Your goal:
Repeat the listing exactly, minus the pictures.

[Opening Source data section]

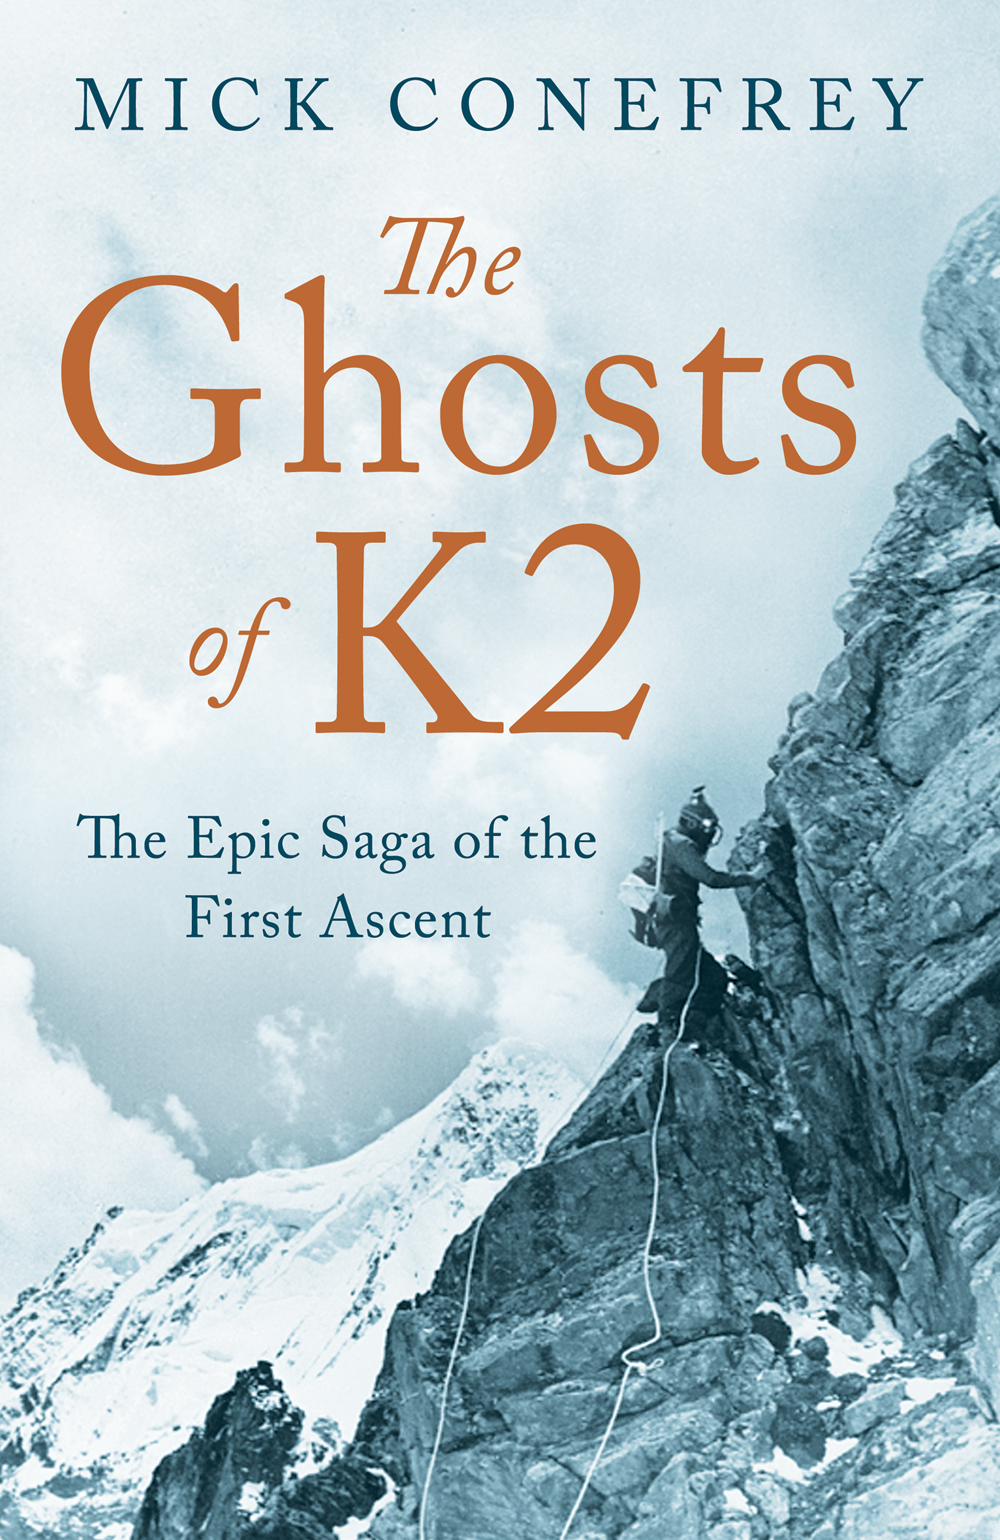 The ghosts of K2. The epic saga of the first ascent
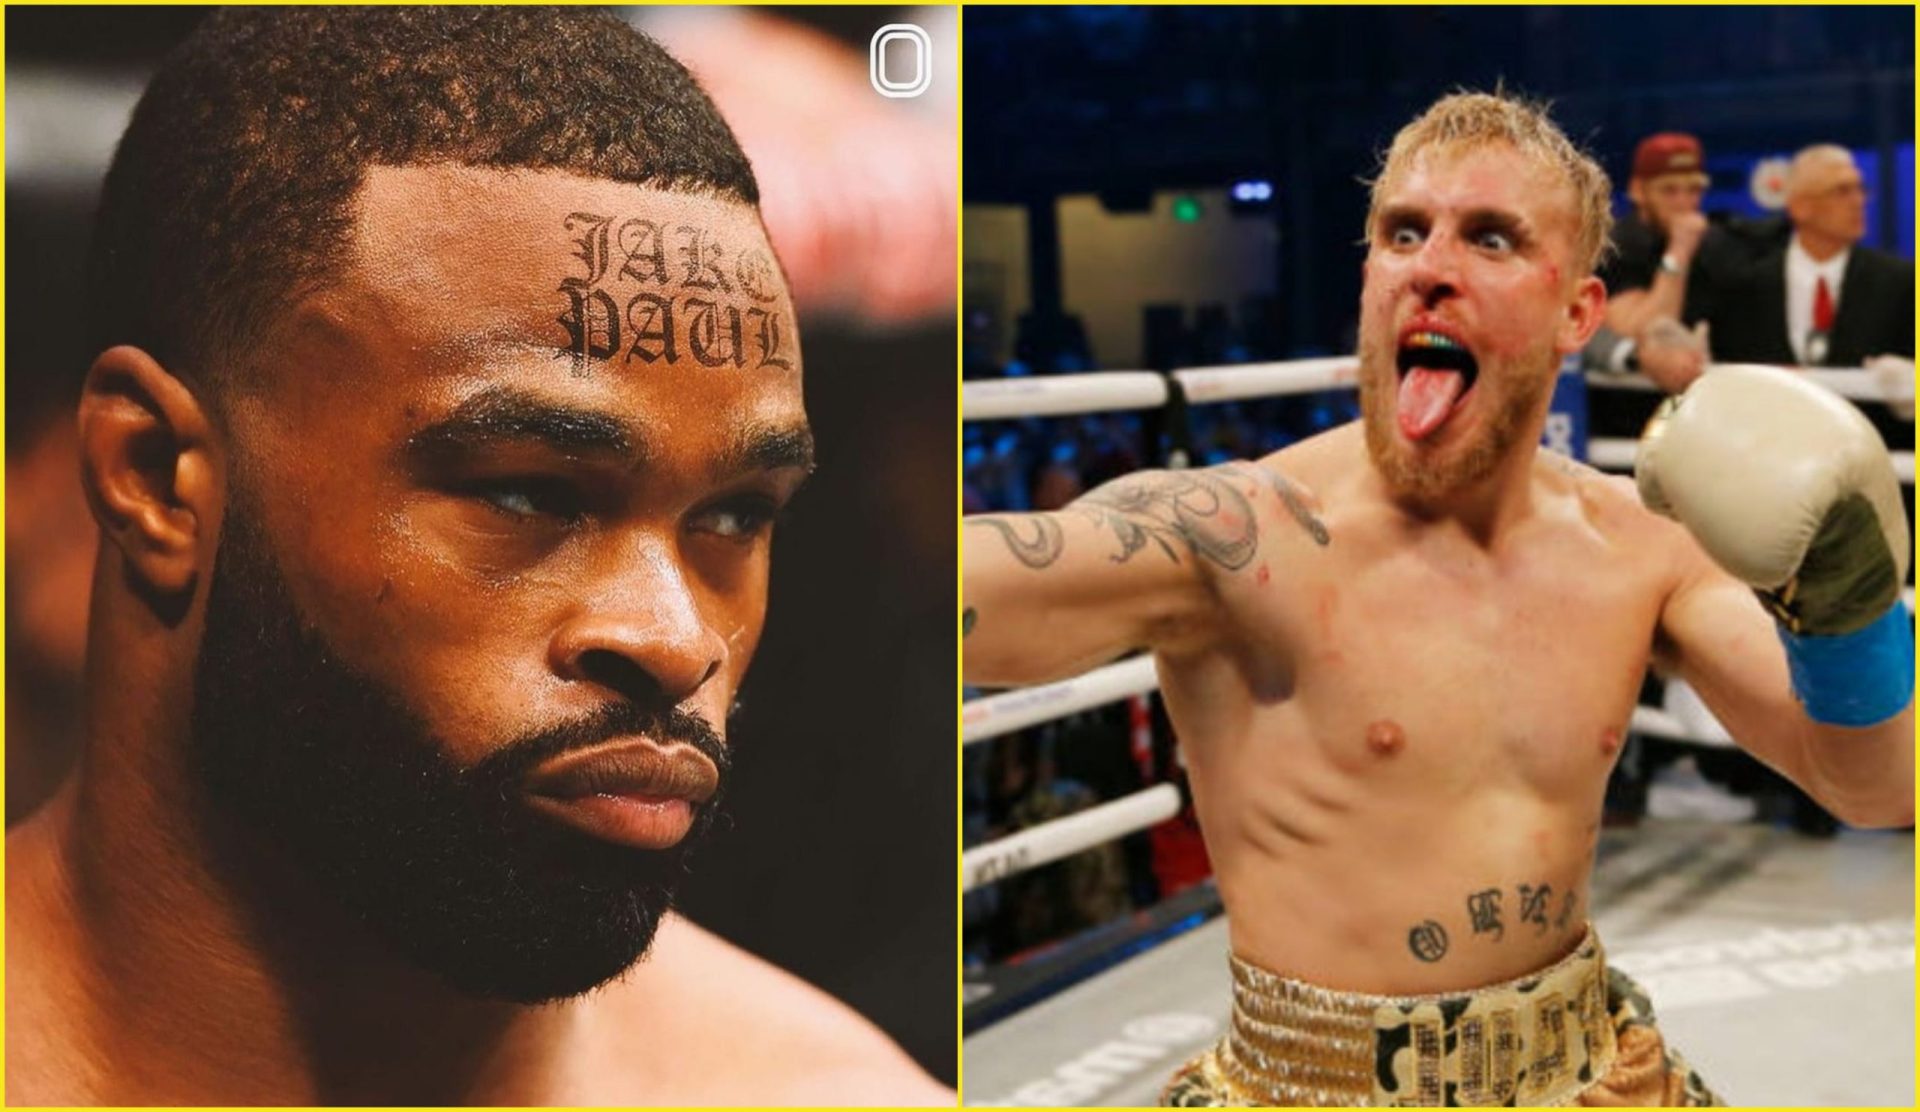 Jake Paul Claims Hes Retired from Boxing After Winning Fight with Tyron  Woodley  Jake Paul Sports  Just Jared Celebrity News and Gossip   Entertainment
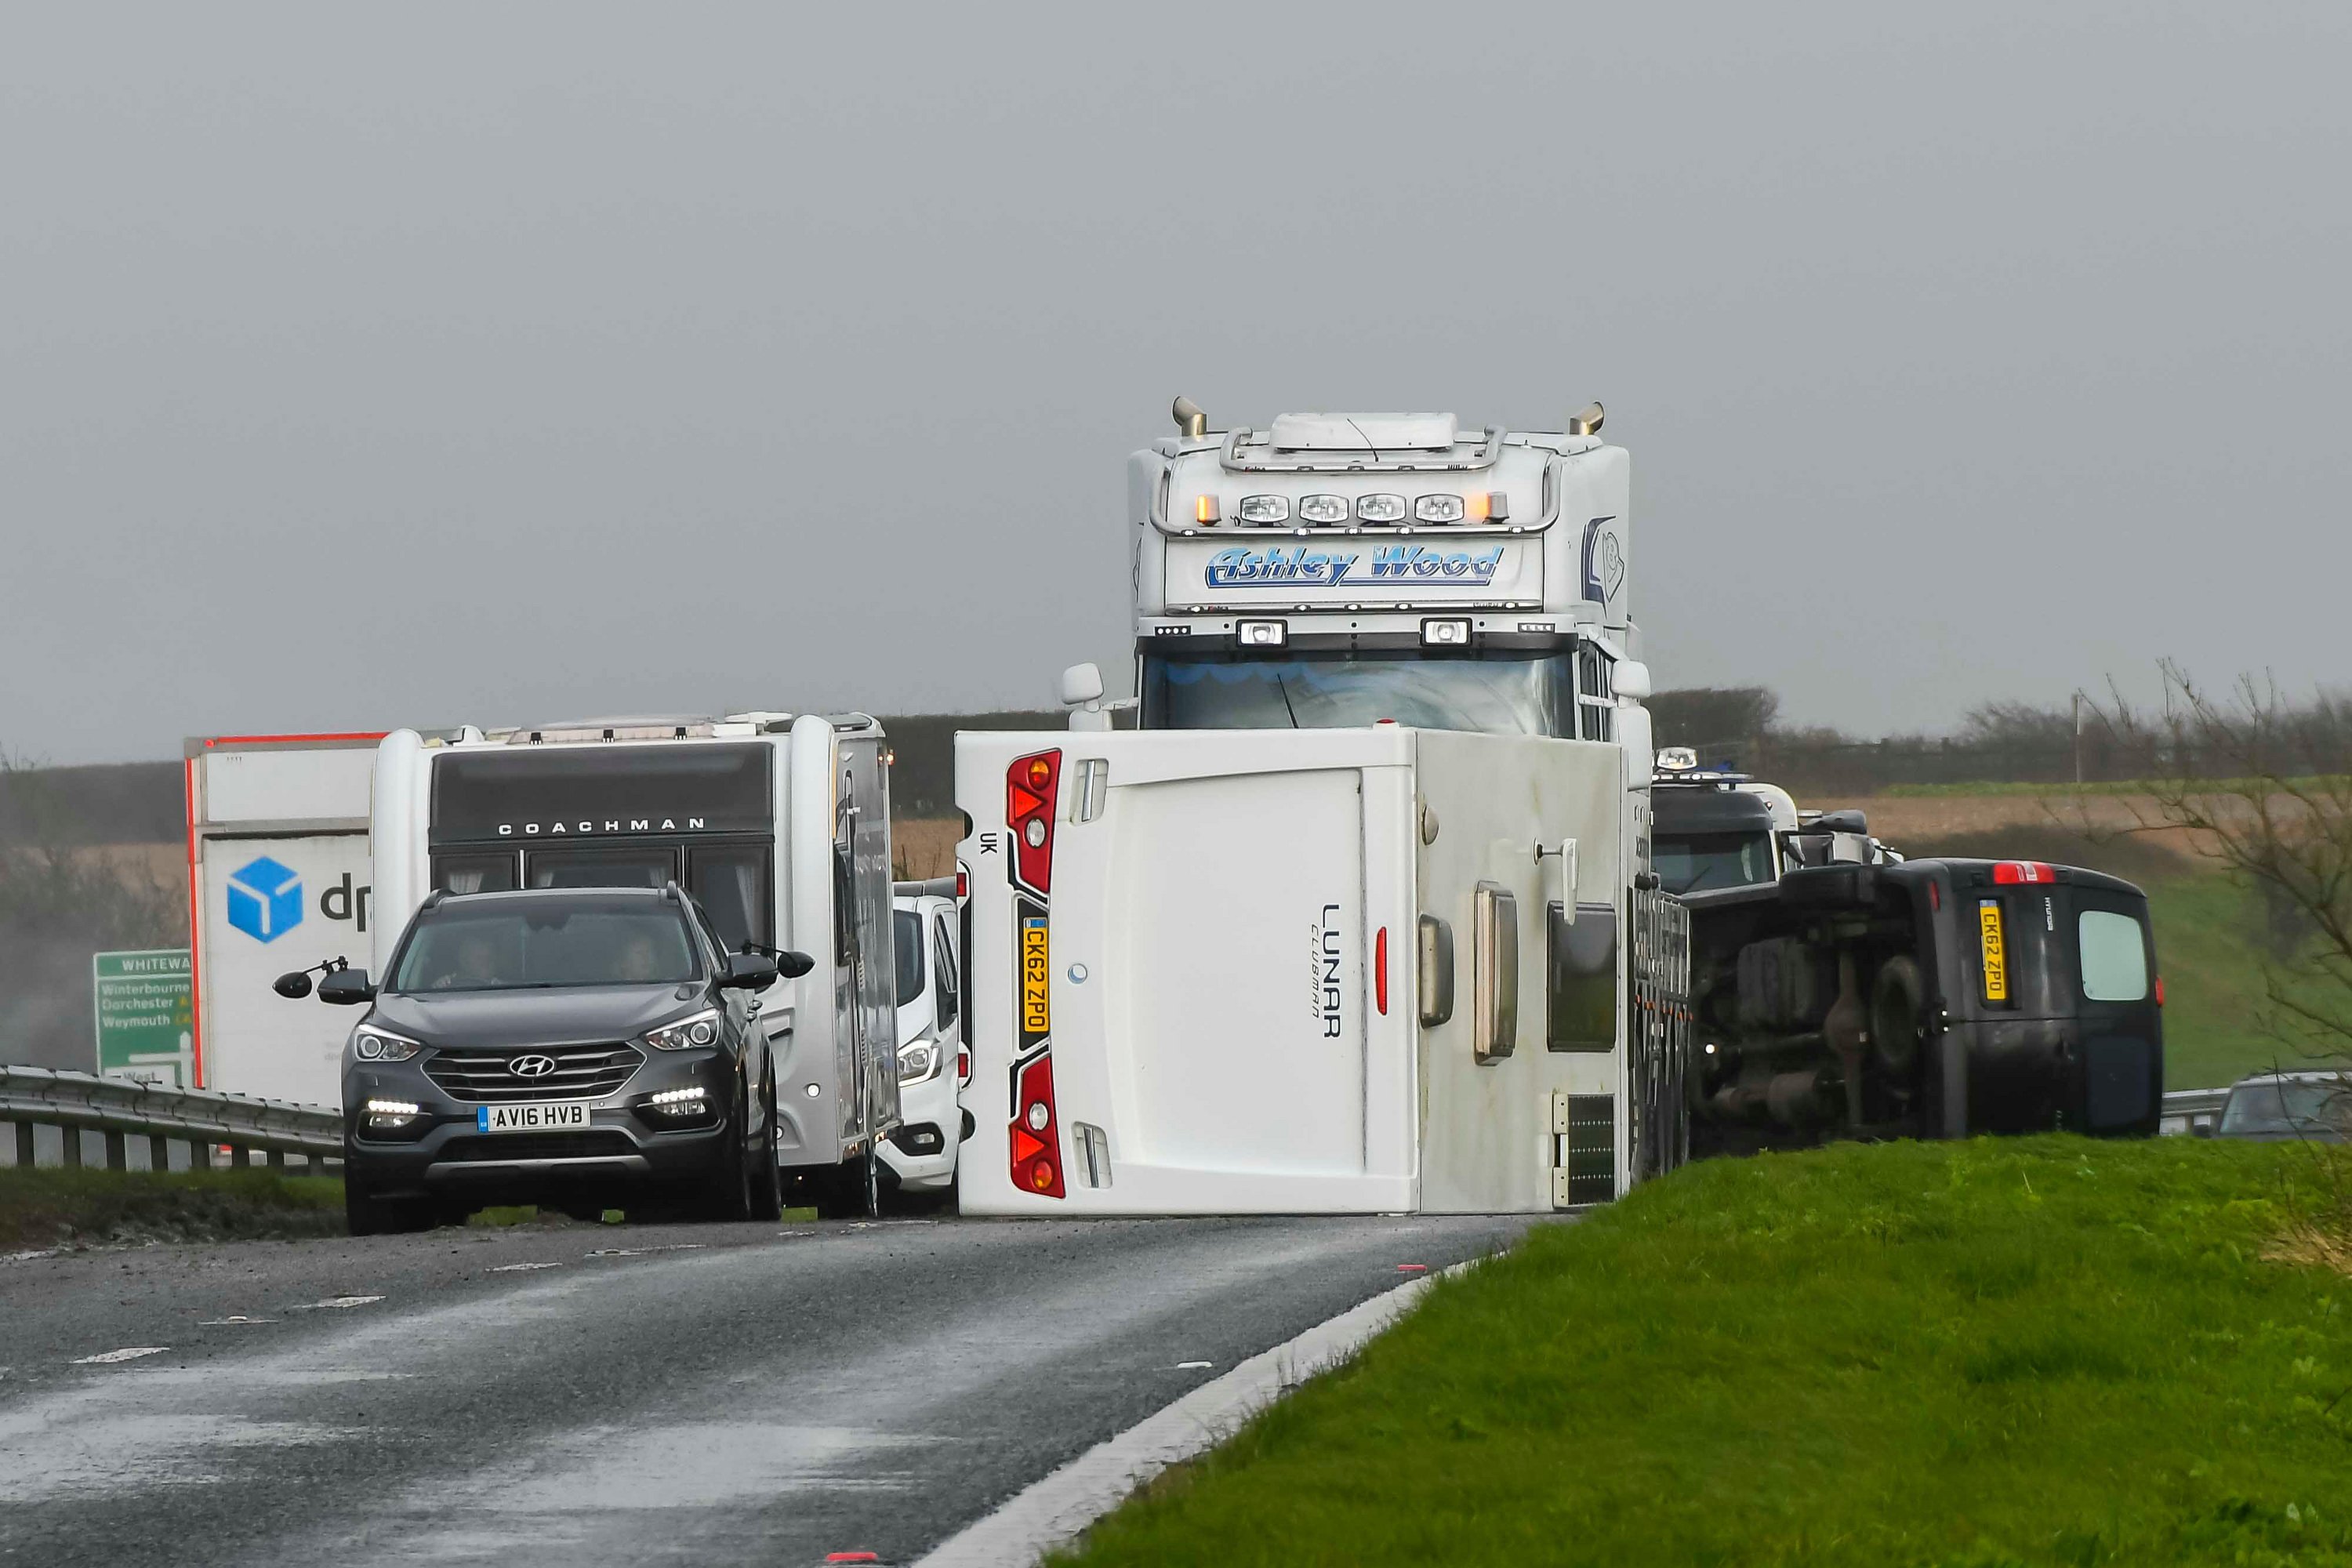 A van towing a caravan was blown over by gale force winds from Storm Nelson, blocking one lane of the A35 at Litton Cheney in Dorset

[Closing Source data section]

Answer space:
 The ghosts of K2. The epic saga of the first ascent
 Jake Paul Claims Hes Retired from Boxing After Winning Fight with Tyron  Woodley  Jake Paul Sports  Just Jared Celebrity News and Gossip   Entertainment
 A van towing a caravan was blown over by gale force winds from Storm Nelson, blocking one lane of the A35 at Litton Cheney in Dorset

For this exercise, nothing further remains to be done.